Если вы имеете в виду лекции и публичные какие-то эфиры — ну, Стивен Фрай делает что-то подобное. Хотя трудно сказать… Писателя англоязычного, похожего на меня, мне назвать ещё труднее. Ну, из тех, кого я знаю, всё-таки, наверное… Нет, так высоко я не заглядываю. Делилло — это как-то слишком, знаете, понтово. Ну, из того, что мне ближе всего… Ну, Капоте — это вообще лучший писатель, когда-либо родившийся. Вот дневники Джона Чивера когда-то на меня произвели наибольшее впечатление, даже не проза его. У него хорошая проза — рассказы лучше, чем романы. Но его дневники, пожалуй, я читал как исповедь личную — правда, с той разницей, что я не алкоголик, а трудоголик.

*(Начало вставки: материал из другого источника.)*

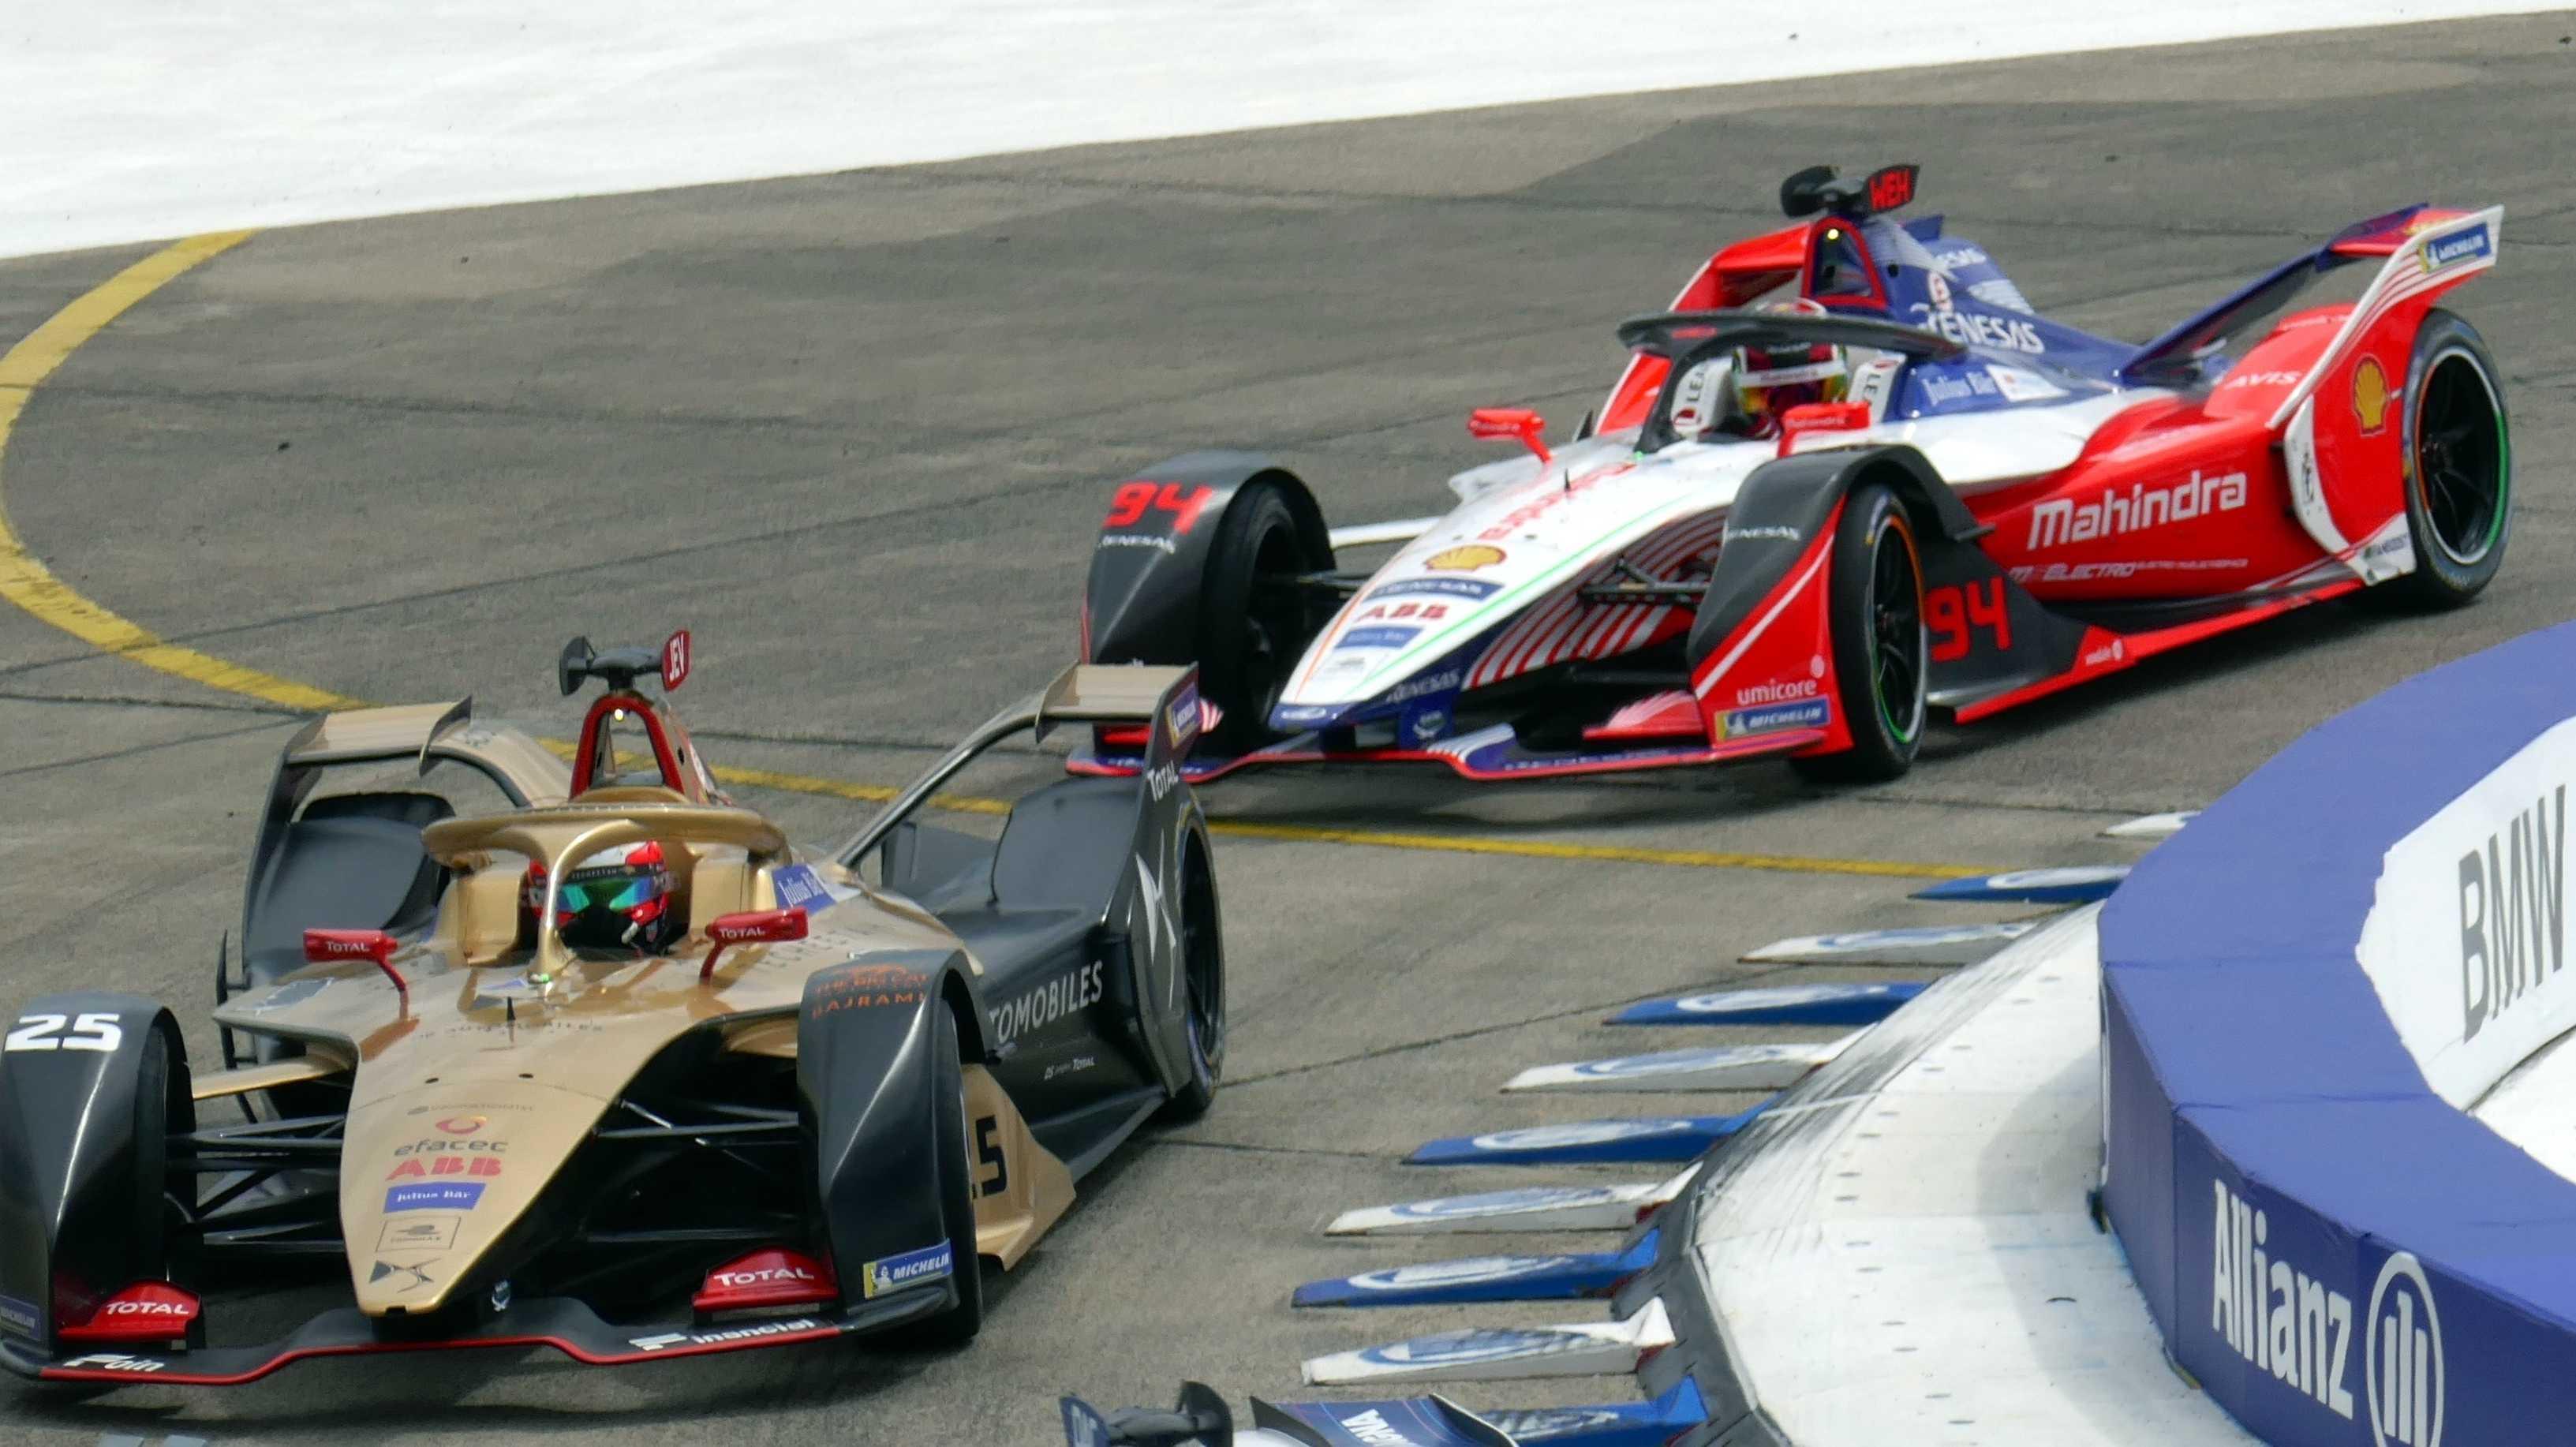 Formel E: Technik und Taktik

Но это, как известно, вещи довольно похожие.
«Составьте план работы для пятнадцатилетнего подростка, желающего заниматься русской классической литературой. Хочу попробовать учиться с нуля. Начал с Лермонтова. Хочу продолжить разбором Пушкина. Подкорректируйте и посоветуйте».
Ну, я думаю, что начать всё-таки следовало бы с Державина, такое есть у меня подозрение. Я не собираюсь намечать для вас программу. Мне кажется, что вам надо сделать ровно одно: найдите в русской литературе автора, который вам наиболее близок, и систематически его изучайте. А историю литературы вы будете изучать потом, как говорил Искандер, «обчитывая пространство» вокруг любимого текста.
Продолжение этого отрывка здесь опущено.